KSA: Amendments to the implementing regulations of the Tax Law

10 April, 2018

In brief

A number of amendments were made to certain articles of the Saudi Arabian (KSA) Income Tax law (“Tax Law”) pursuant to Royal Decree No (M/131) on 29/12/1438 AH (September 20, 2017).

Following the publication of this Royal Decree, the Minister of Finance has now issued Ministerial Resolution (“MR”) No. 1727 dated 25/5/1439 AH (February 11, 2018) which provides alignment of the KSA Tax Law with the Tax By-laws or Implementing Regulations.

The latest MR is one of a number of important legislative changes made to key fiscal laws in KSA, all of which need to be considered carefully given the recent pro-active approach of the tax authorities with regard to tax compliance in KSA.

In detail

Ministerial Resolution 1727 amends certain articles of the Tax By-law

The Ministerial Resolution No. 1727 provides amendments to Articles 1, 5, 7, 8, 9 and 58 of the Tax By-law.
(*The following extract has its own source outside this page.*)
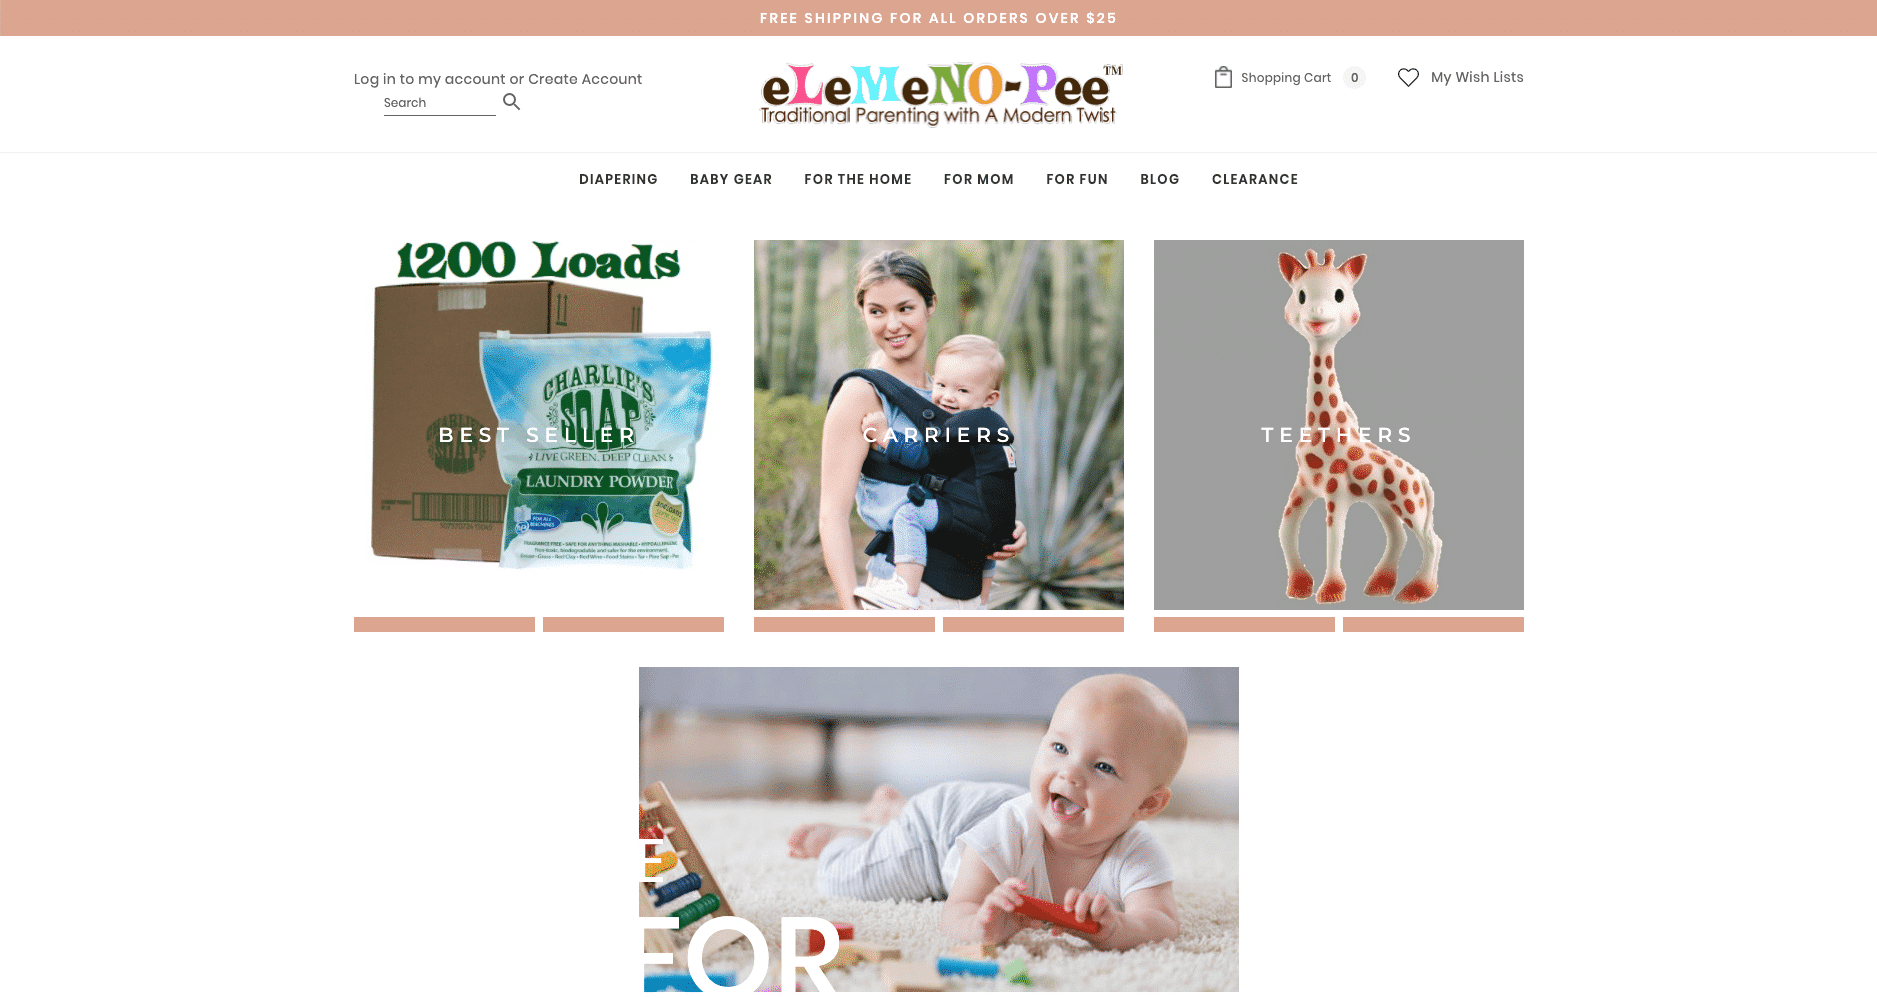 eLeMeNO-Pee(お洒落な子育て関連商品)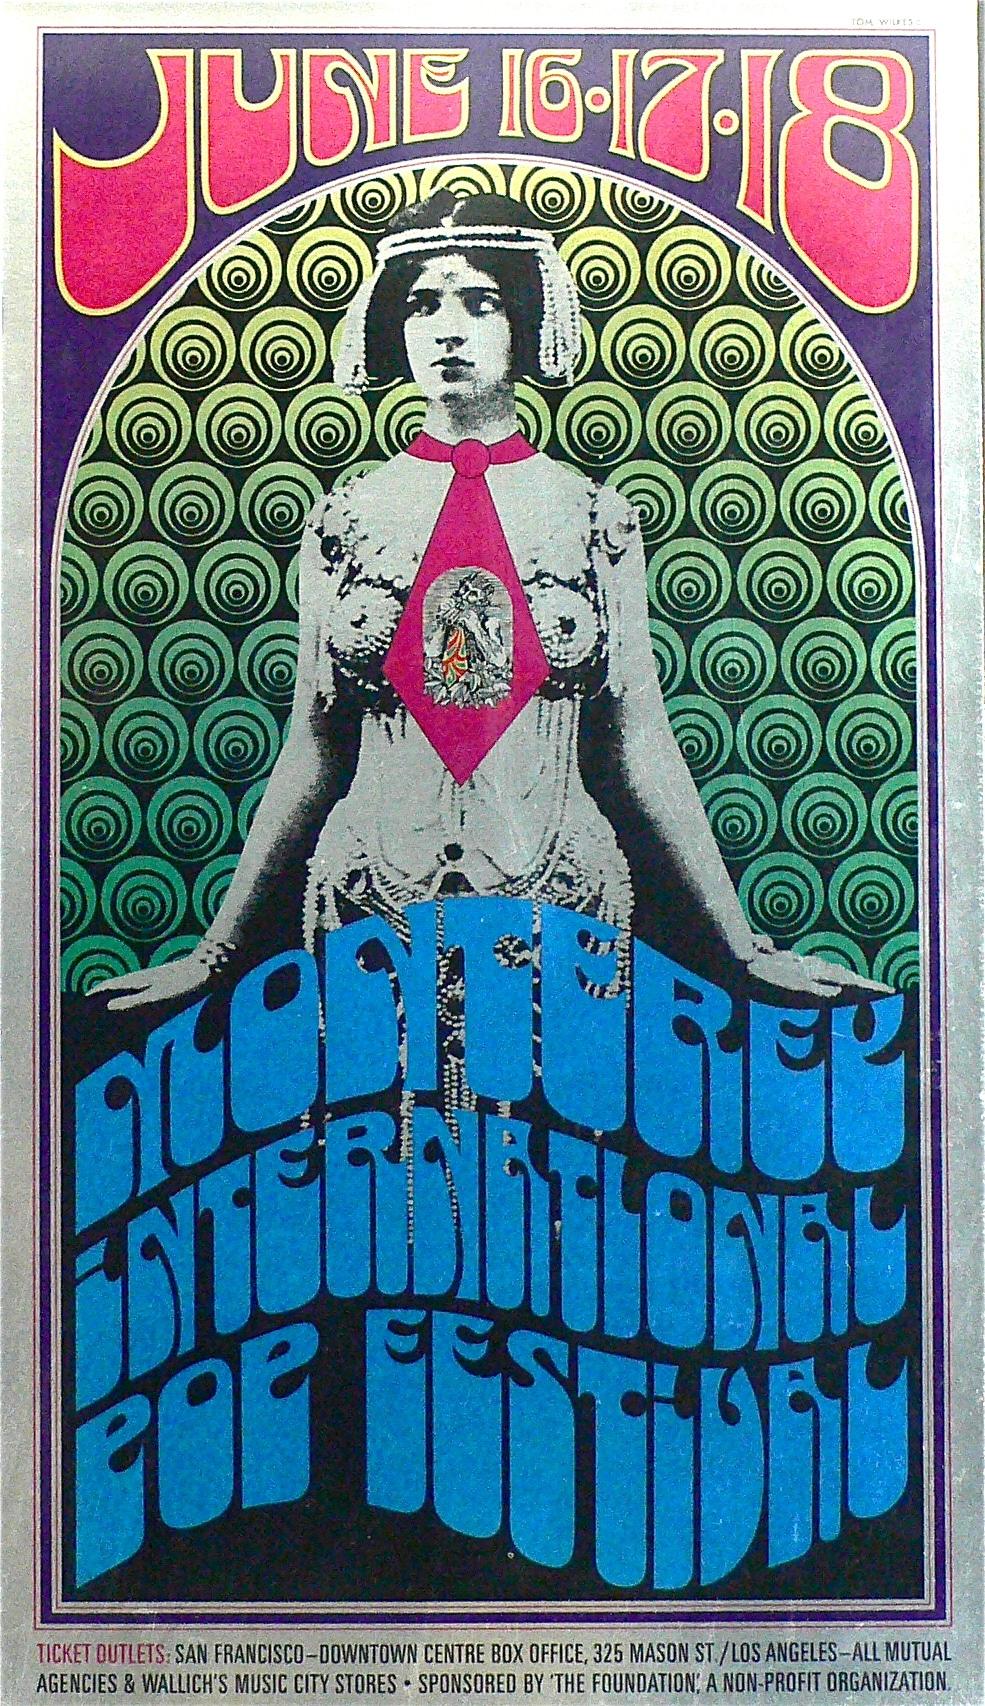 Monterey Pop Festival - 1967

It is important to note that further analysis of these changes including practical application by the KSA tax authority (“GAZT”) is advised.

We have summarized below the key changes to the Tax By-law.

Article 1 and 5: General provisions

Persons subject to taxation include resident capital companies with respect to shares owned directly or indirectly by non-Saudi persons. The term indirect ownership means ownership up to the second level.

It also includes a resident ‘capital company’ (includes a joint stock company and limited liability companies) with respect to shares owned either directly or indirectly by persons operating in oil and hydrocarbon production.

The amendment states that shares owned by non-Saudis for speculation purpose in capital companies listed on the KSA stock market are not considered as non-Saudi shares.

A capital company’s share of profits or losses arising from investments accounted for under the equity method shall not be included as part of the tax base.

Finally, the amendment emphasizes that consolidated tax filing is not allowed even if a company is consolidated with other companies or a group of companies for accounting purposes.

Article 7: Exempt income

Capital gains on the sale of shares listed and traded on the Saudi Stock Exchange [“Tadawul”] are taxexempt subject to the disposal being made in compliance with the KSA Capital Market Laws and the shares were purchased after issuance of the KSA Tax By-laws in July 2004.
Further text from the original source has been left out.